Submitted to: Nutrition and Cancer
Publication Type: Peer Reviewed Journal
Publication Acceptance Date: 8/12/2010
Publication Date: 2/1/2011
Publication URL: http://handle.nal.usda.gov/10113/58089
Citation: Zeng, H., Trujillo, O.N., Moyer, M.P., Botnen, J.H. 2011. Prolonged sulforaphane treatment activates survival signaling in nontumorigenic NCM460 colon cells but apoptotic signaling in tumorigenic HCT116 colon cells. Nutrition and Cancer. 63(2):248-255. Interpretive Summary: Sulforaphane is a naturally occurring member of the isothiocyanate family of chemopreventive agents and the induction of cell cycle arrest and apoptosis is a key mechanism by which sulforaphane exerts its colon cancer prevention. Although there are no precise data on achievable sulforaphane concentrations in human colon, previous studies have estimated that 100g of broccoli could yield up to 40 u mol of sulforaphane. However, little is known about the differential effects of sulforaphane on colon cancer cells and normal cells. In this study, we demonstrated that prolonged sulforaphane treatment inhibits cell growth, and induces cell cycle arrest, apoptosis in colon cancer cells, but to a lesser extent in nontumorigenic cells. Thus, the elucidation of the mechanisms by which sulforaphane regulates the cell cycle and apoptosis can lead to a better understanding of the nature of sulforaphane’s anticancer activity. The information will be useful for scientists and health-care professionals who are interested in nutrition and cancer prevention.

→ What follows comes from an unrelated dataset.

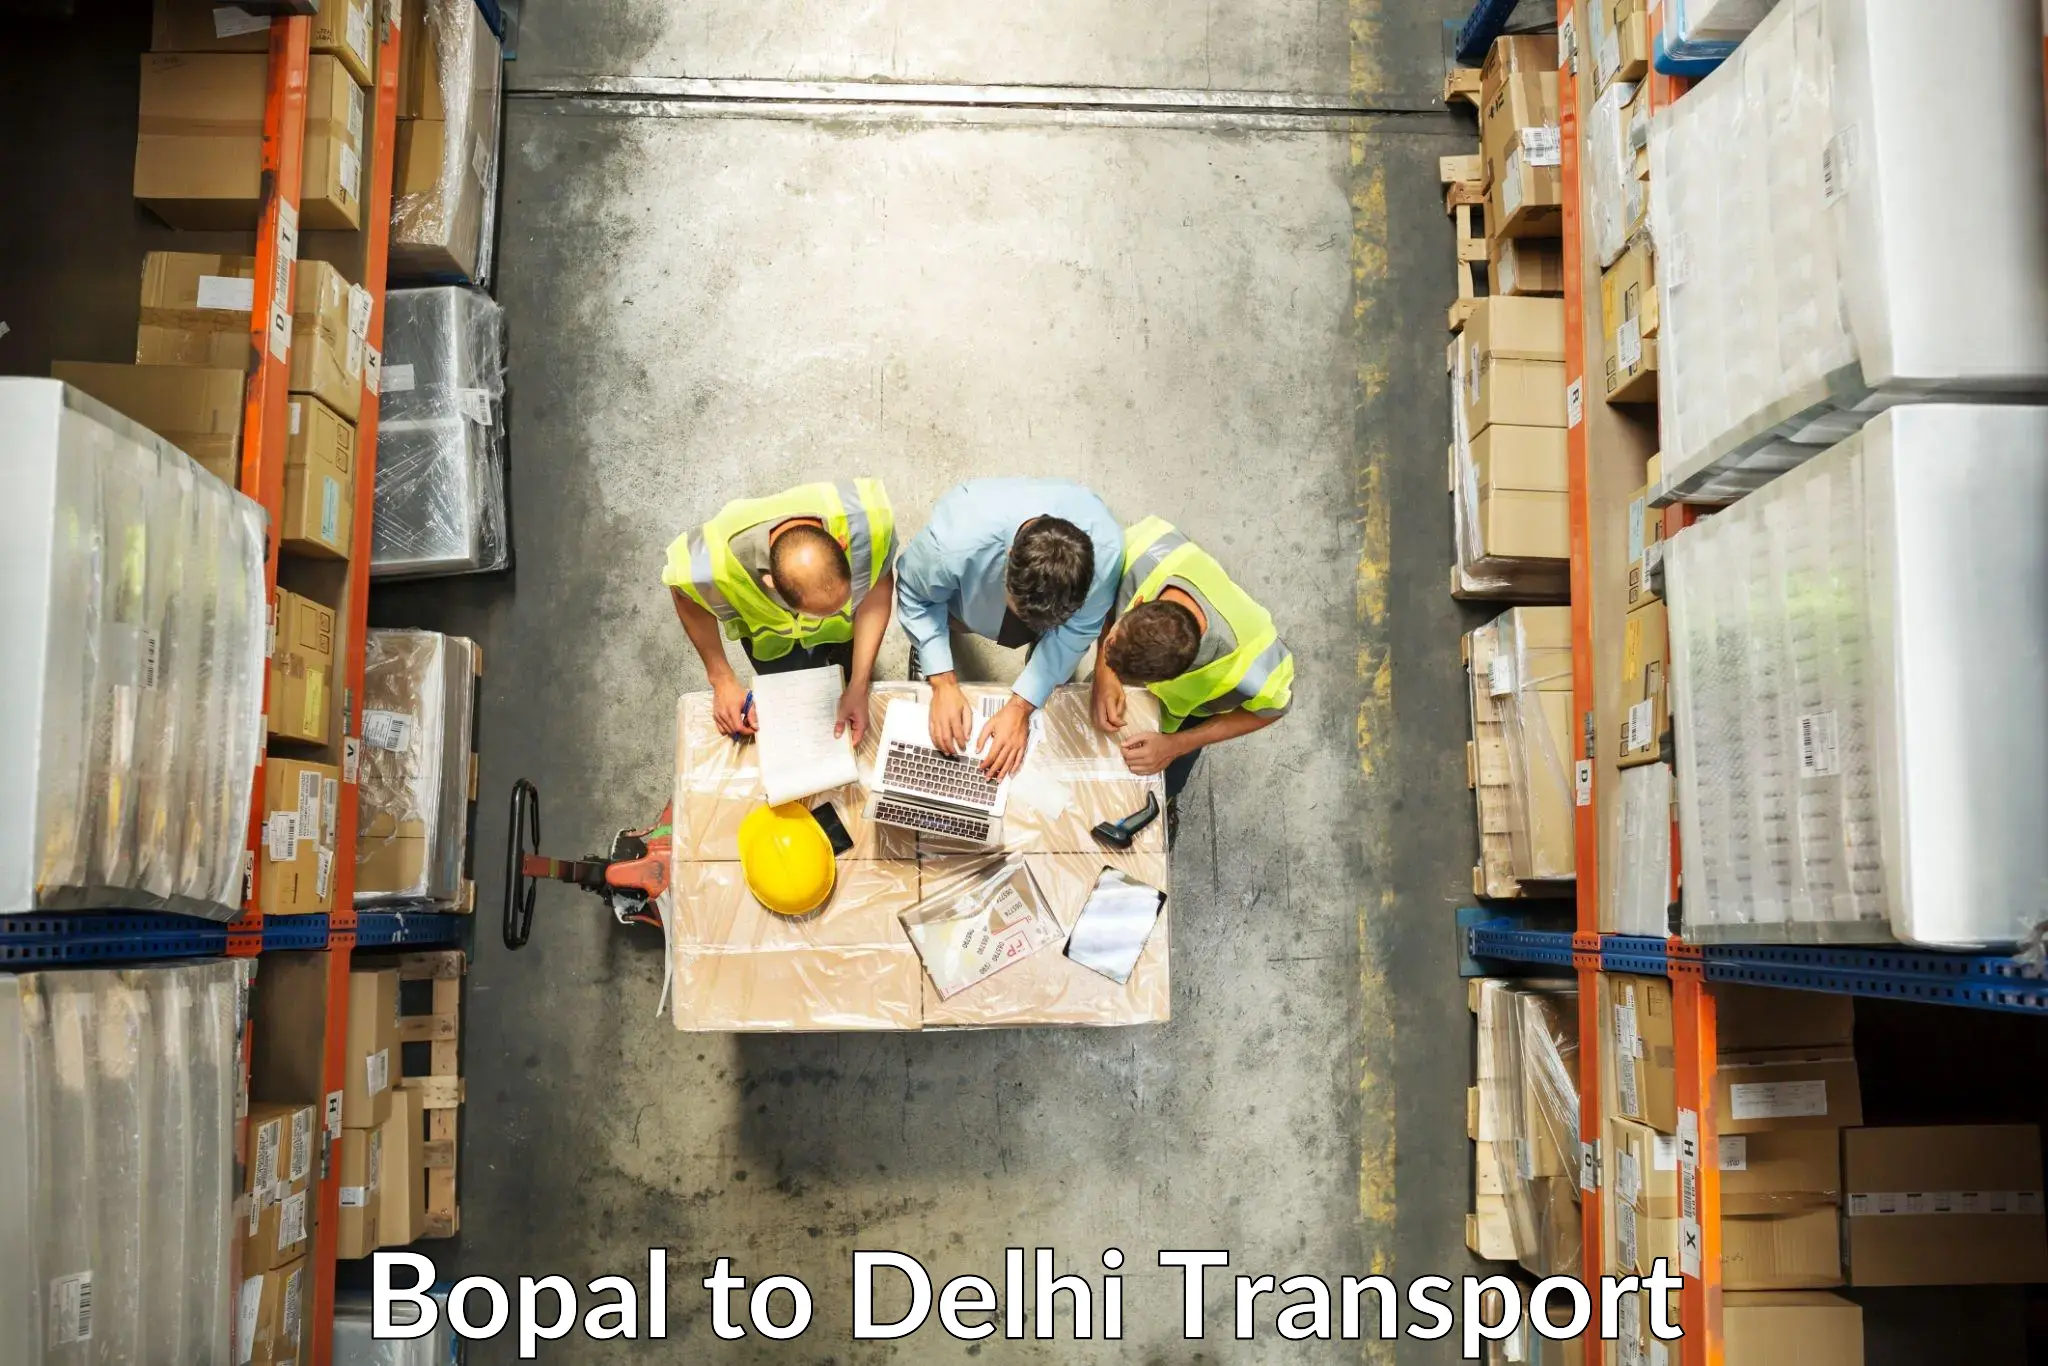 Truck transport companies in India Bopal to Jhilmil

Technical Abstract: Sulforaphane (SFN) is a naturally occurring member of the isothiocyanate family of chemopreventive agents and the induction of cell cycle arrest and apoptosis is a key mechanism by which SFN exerts its colon cancer prevention. However, little is known about the differential effects of SFN on colon cancer and normal cells. In this study, we demonstrated that SFN (5, 10 or 15 u mol/L) exposure (72 h) inhibited cell proliferation by up to 95% in colon cancer cells (HCT116) and by 52% in normal colon mucosa-derived (NCM460) cells. Our data also showed that SFN exposure led to the significant induction of apoptosis and G2/M cell cycle arrest in HCT116, but to a much lesser extent in NCM460 cells. Furthermore, the examination of mitogen-activated protein kinase (MAPK) signaling status revealed that prolonged SFN treatment strongly up-regulated the phosphorylation of extracellular-regulated kinase ½ (ERK1/2) in NCM460 but not in HCT116 cells. In contrast, SFN enhanced the phosphorylation of stress-activated protein kinase (SAPK) and decreased c-Myc expression in HCT116 cells but not NCM460 cells. Taken together, the activation of survival signaling in NCM460 and apoptotic signaling in HCT116 cells may play a critical role in SFN’s stronger potential of inhibiting cell proliferation in colon cancer cells than in normal colon cells.